=== LISTED RECORDS ===
──────
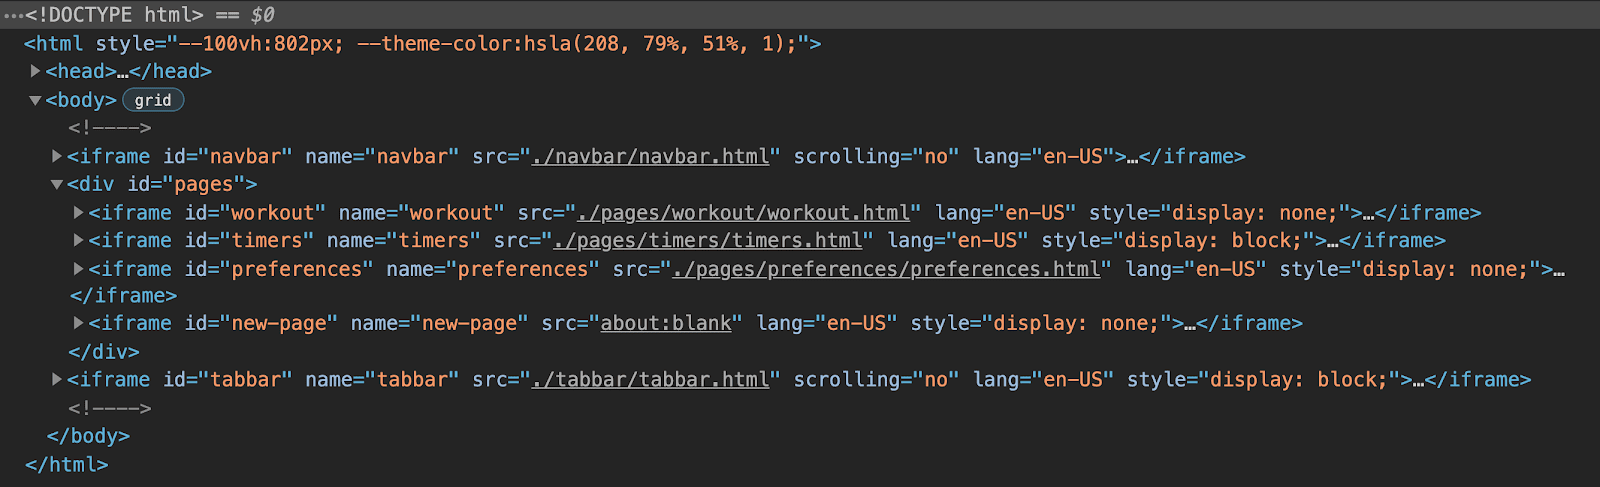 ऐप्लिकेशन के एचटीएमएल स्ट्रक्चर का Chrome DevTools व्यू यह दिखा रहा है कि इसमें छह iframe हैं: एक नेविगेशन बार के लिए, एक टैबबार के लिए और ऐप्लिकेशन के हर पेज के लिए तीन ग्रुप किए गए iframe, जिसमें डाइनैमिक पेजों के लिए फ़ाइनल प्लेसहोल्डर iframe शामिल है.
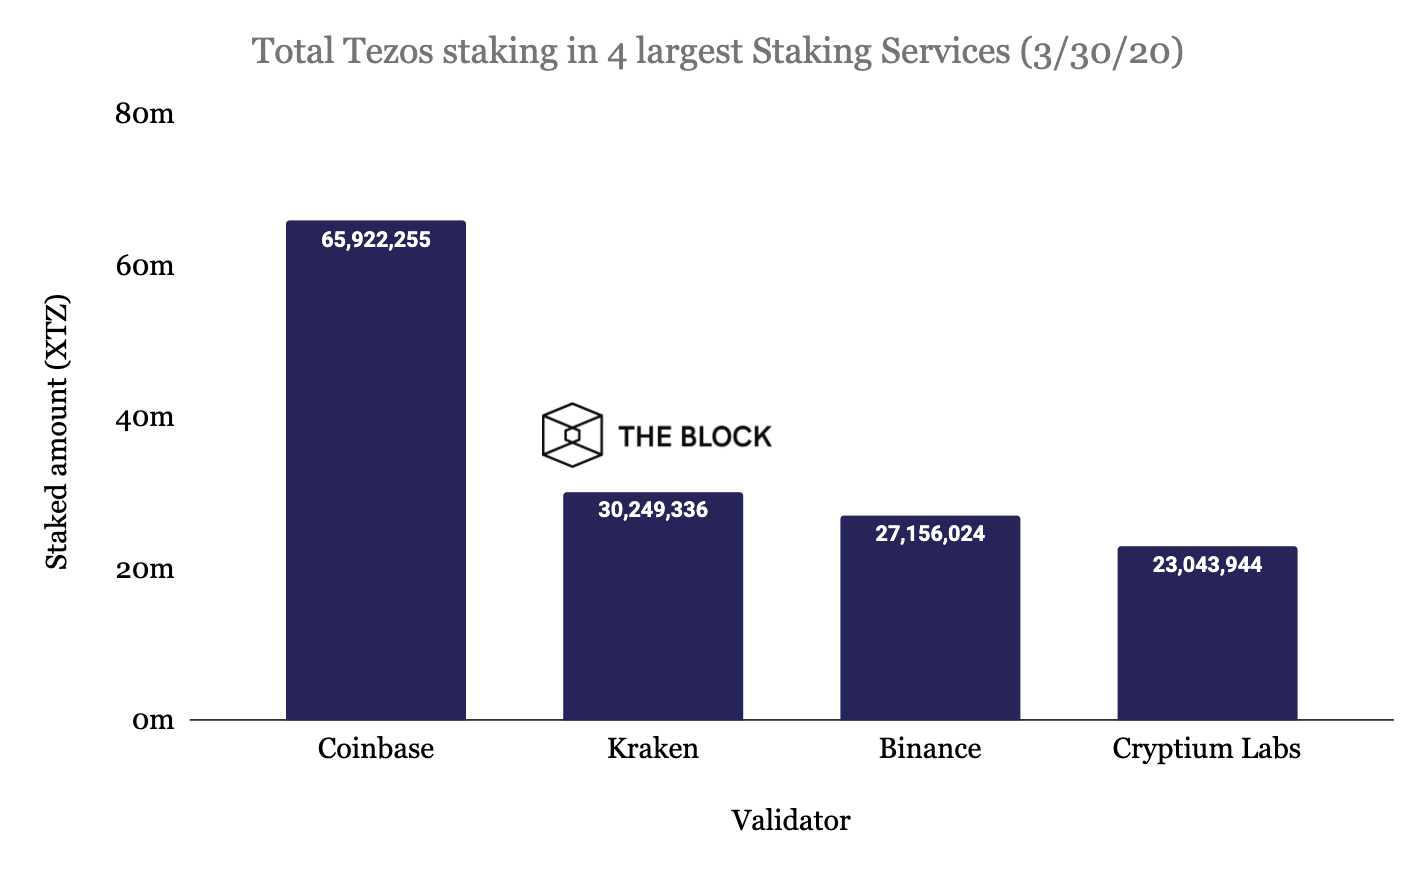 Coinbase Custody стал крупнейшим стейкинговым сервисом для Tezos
──────
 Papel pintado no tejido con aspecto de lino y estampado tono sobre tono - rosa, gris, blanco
──────
=== TASK TO CARRY OUT ===
Nothing but the lines from the one containing "ऐप्लिकेशन के एचटीएमएल" through the one containing "Coinbase Custody стал" should appear, copied exactly from the material above and without pictures.

=== ANSWER FOR THE TASK ===
 ऐप्लिकेशन के एचटीएमएल स्ट्रक्चर का Chrome DevTools व्यू यह दिखा रहा है कि इसमें छह iframe हैं: एक नेविगेशन बार के लिए, एक टैबबार के लिए और ऐप्लिकेशन के हर पेज के लिए तीन ग्रुप किए गए iframe, जिसमें डाइनैमिक पेजों के लिए फ़ाइनल प्लेसहोल्डर iframe शामिल है.
 Coinbase Custody стал крупнейшим стейкинговым сервисом для Tezos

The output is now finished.